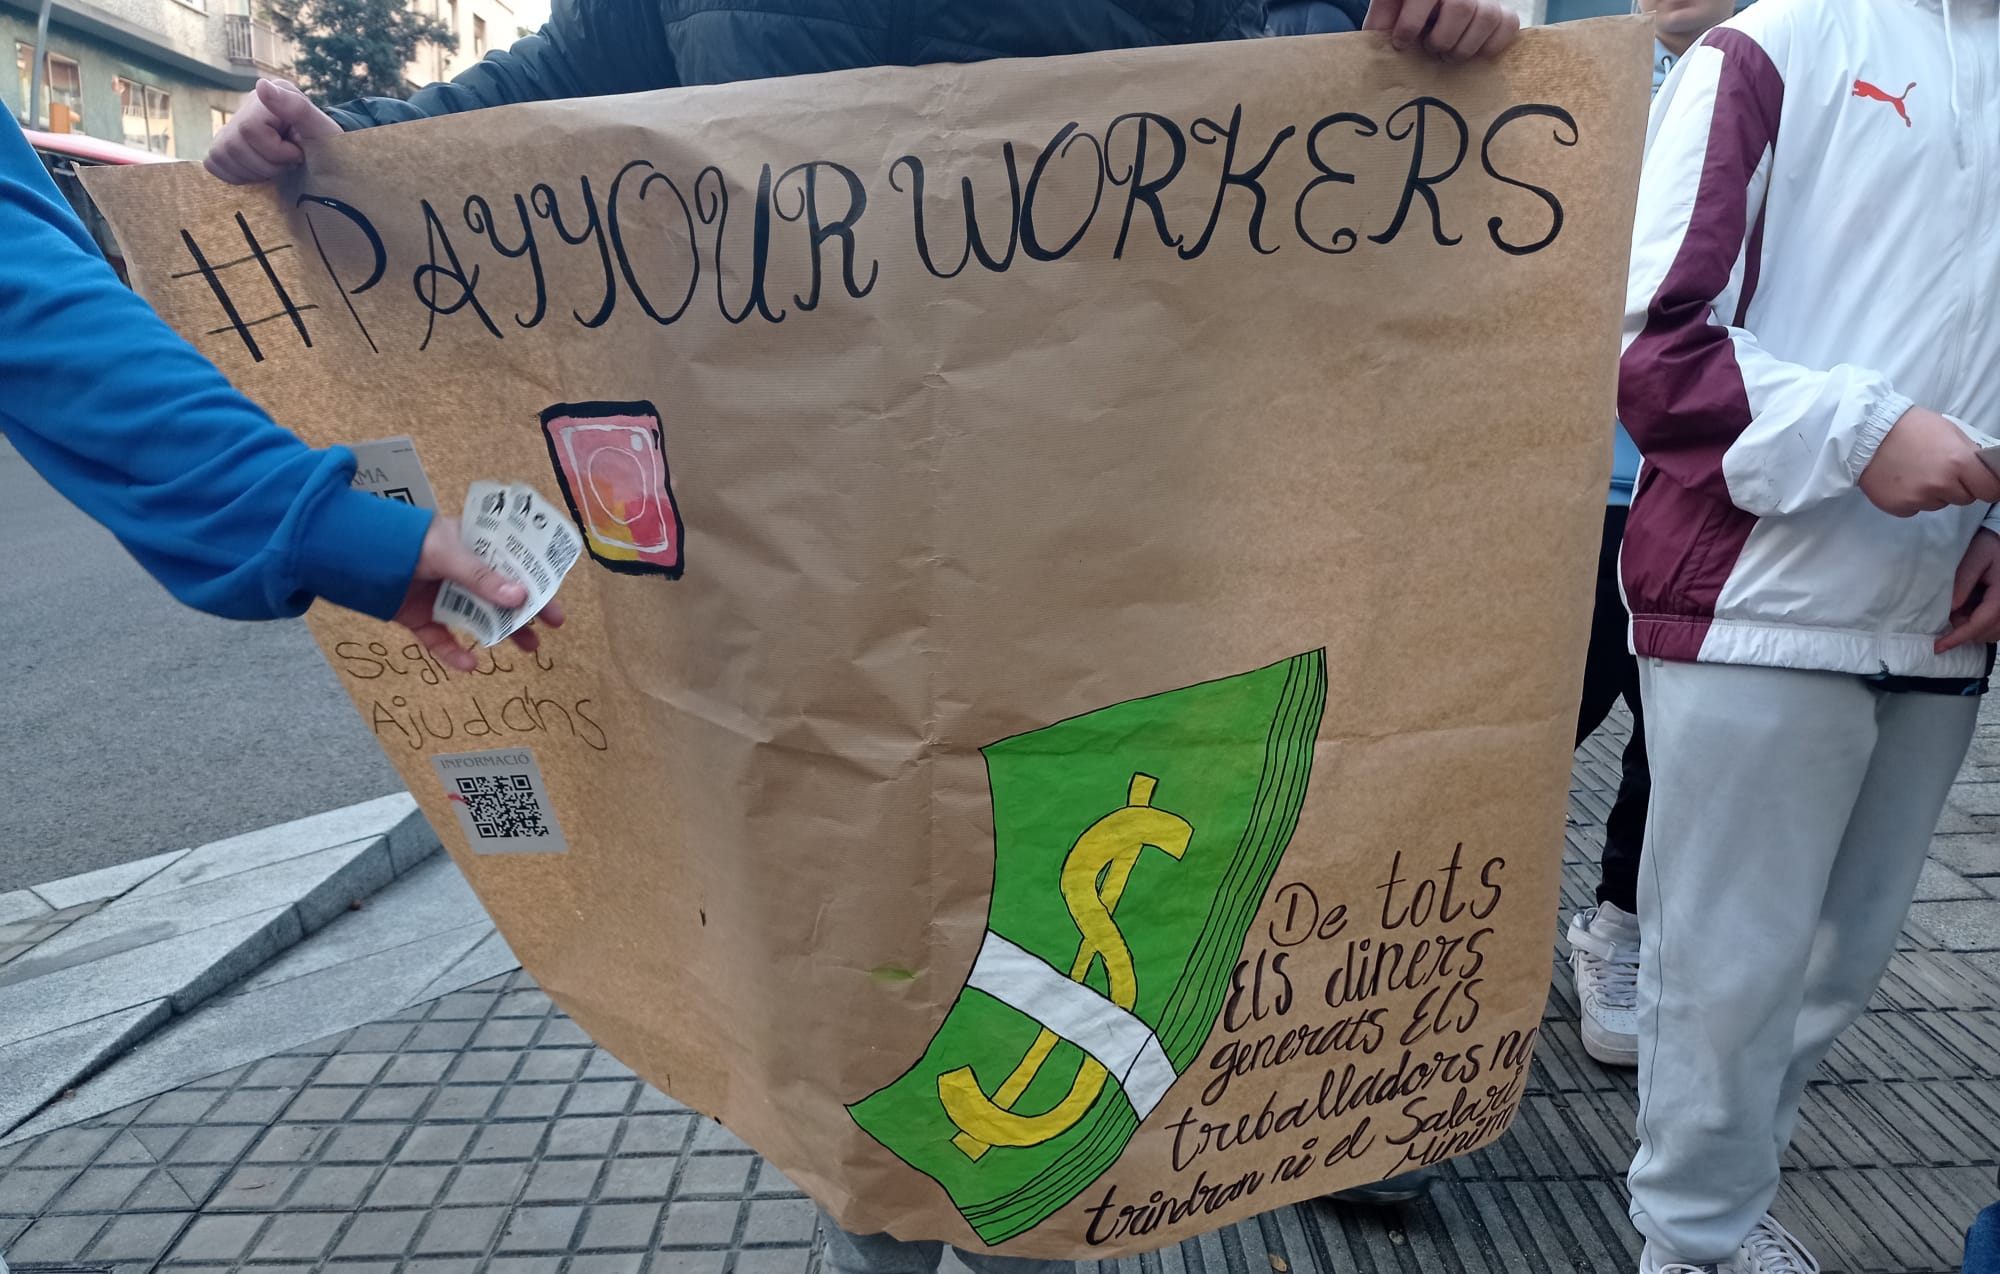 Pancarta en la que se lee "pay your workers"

--

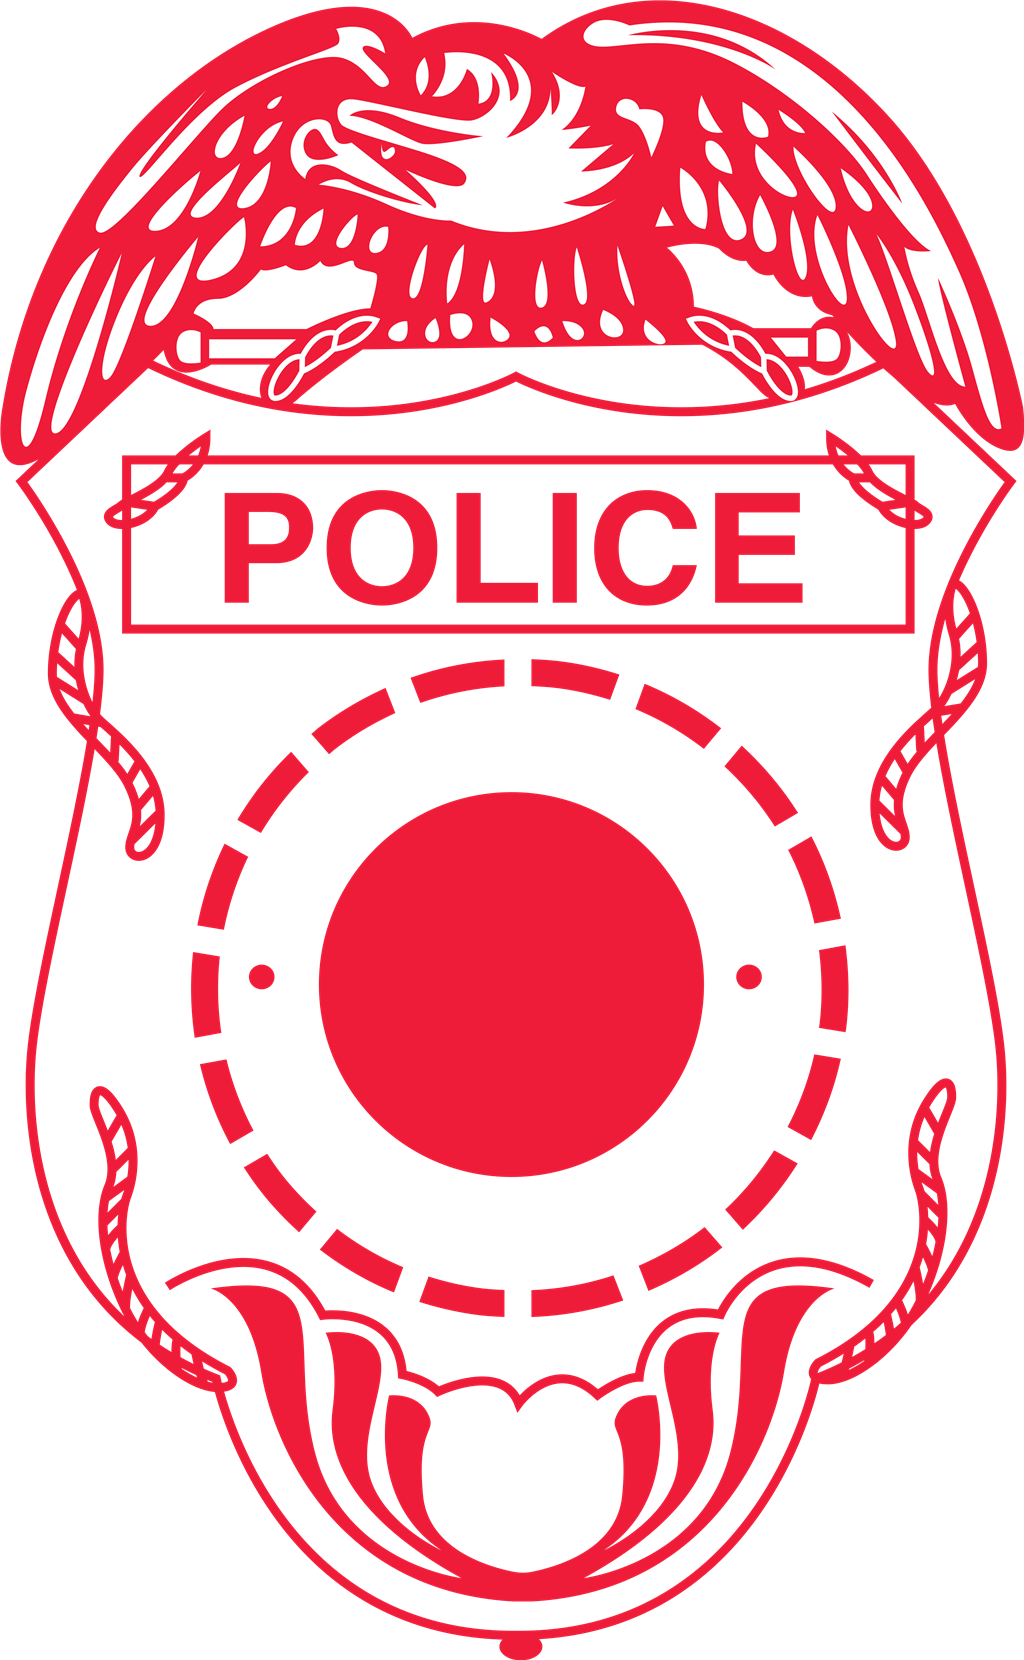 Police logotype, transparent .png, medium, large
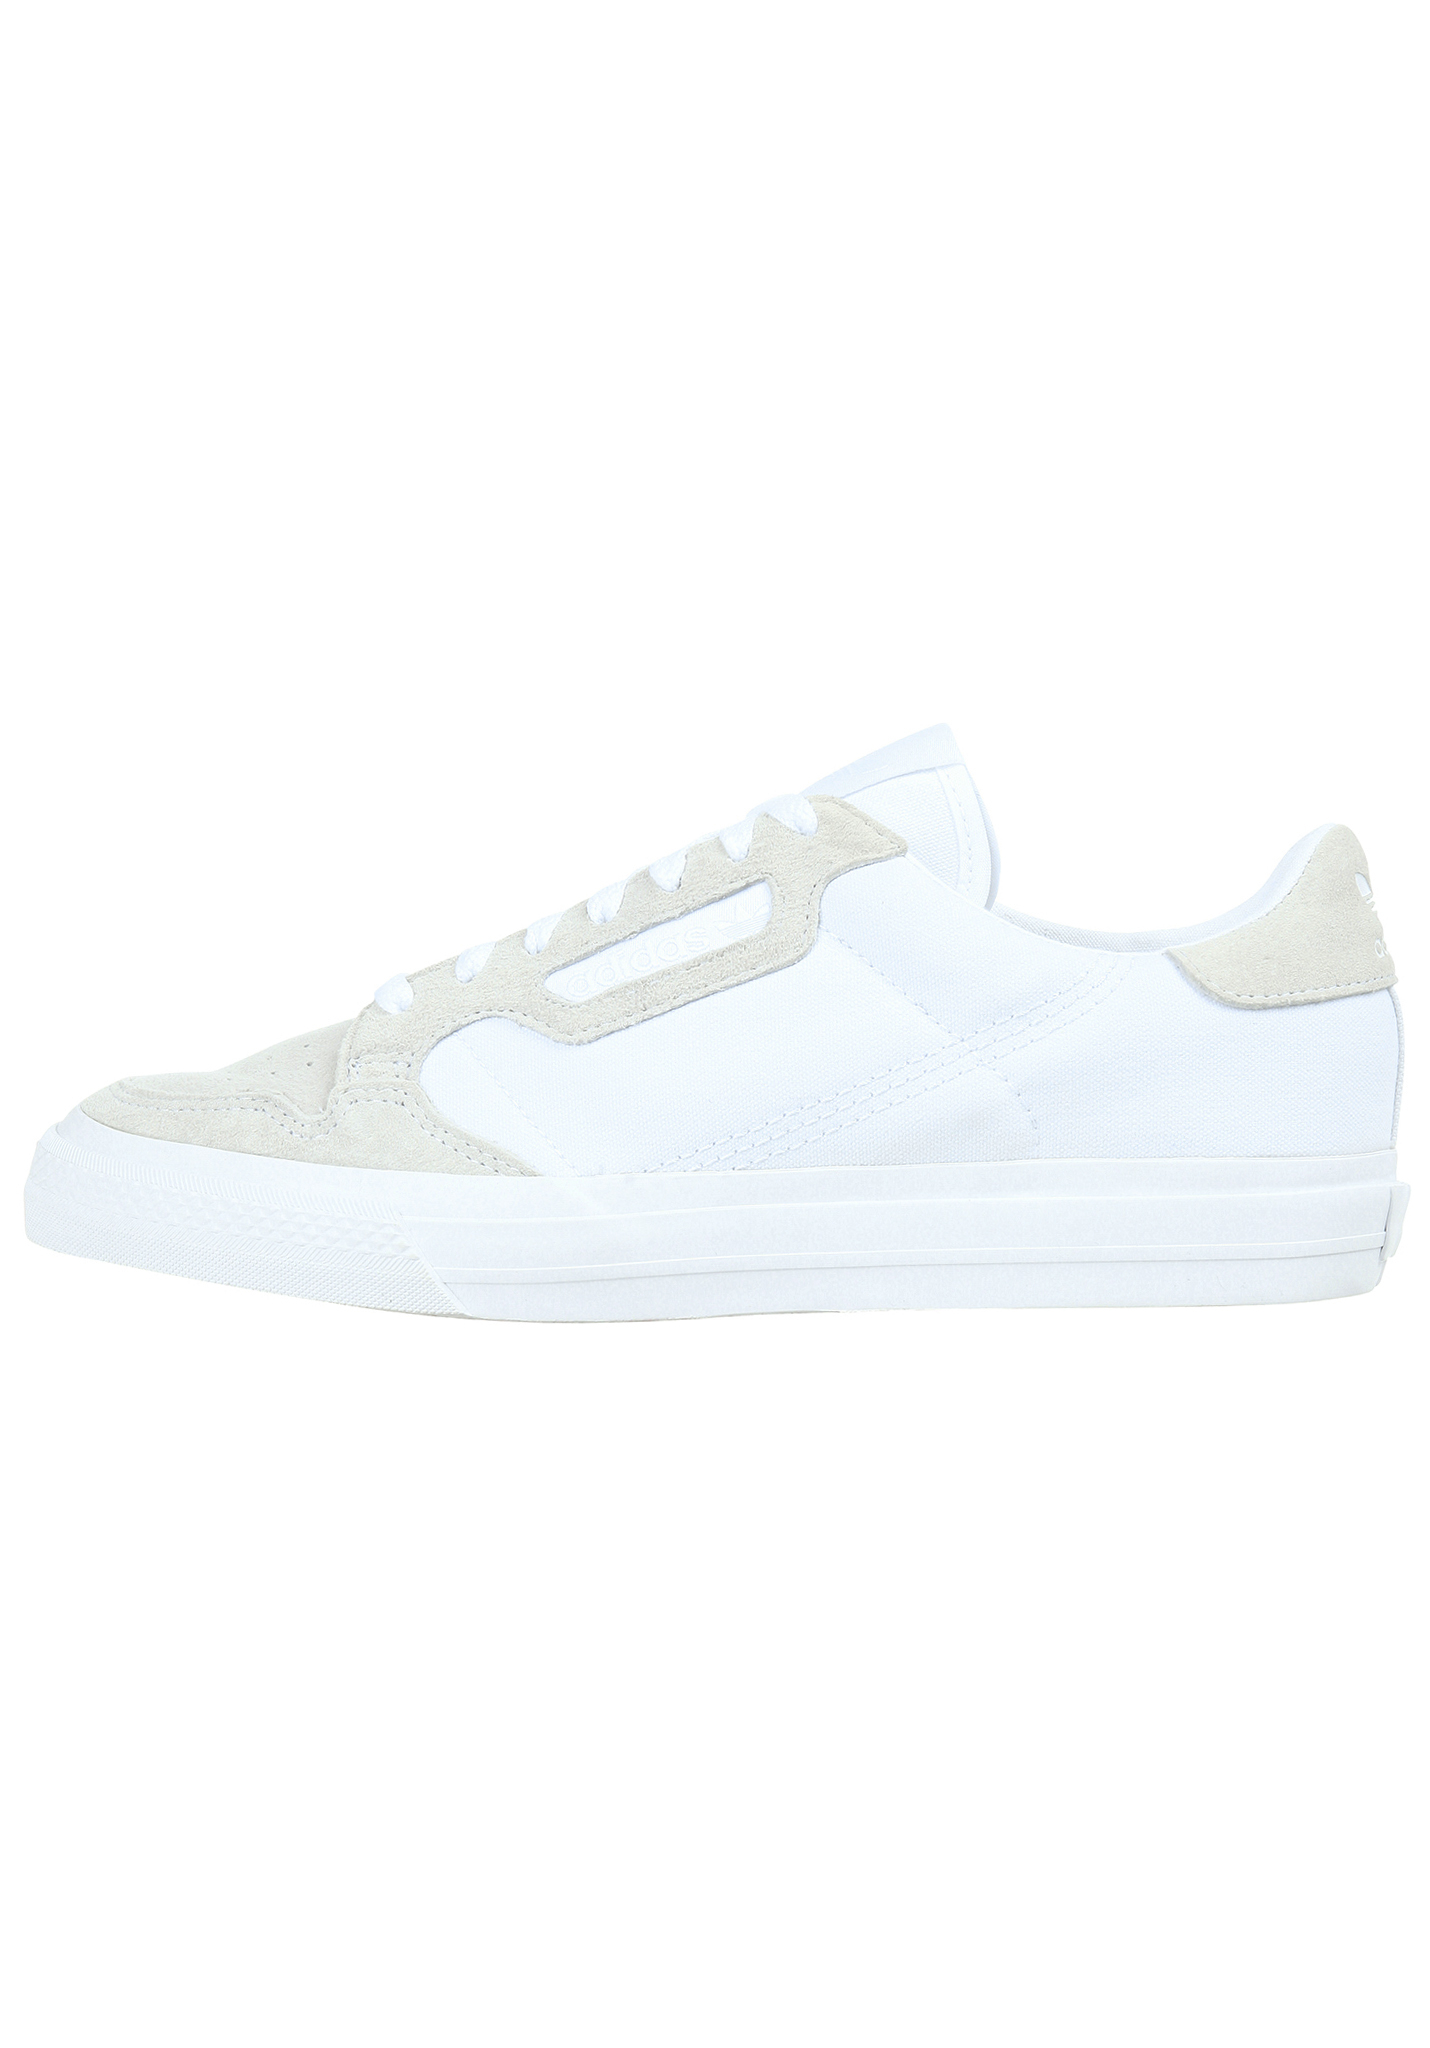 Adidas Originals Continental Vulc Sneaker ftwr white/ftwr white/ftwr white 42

* [What is being asked] The lines to copy exactly start with the line above that has "Police logotype, transparent" and go on through the line that has "Adidas Originals Continental"; please include both, add nothing else, and omit the pictures.

* [Output of the exercise]
 Police logotype, transparent .png, medium, large
 Adidas Originals Continental Vulc Sneaker ftwr white/ftwr white/ftwr white 42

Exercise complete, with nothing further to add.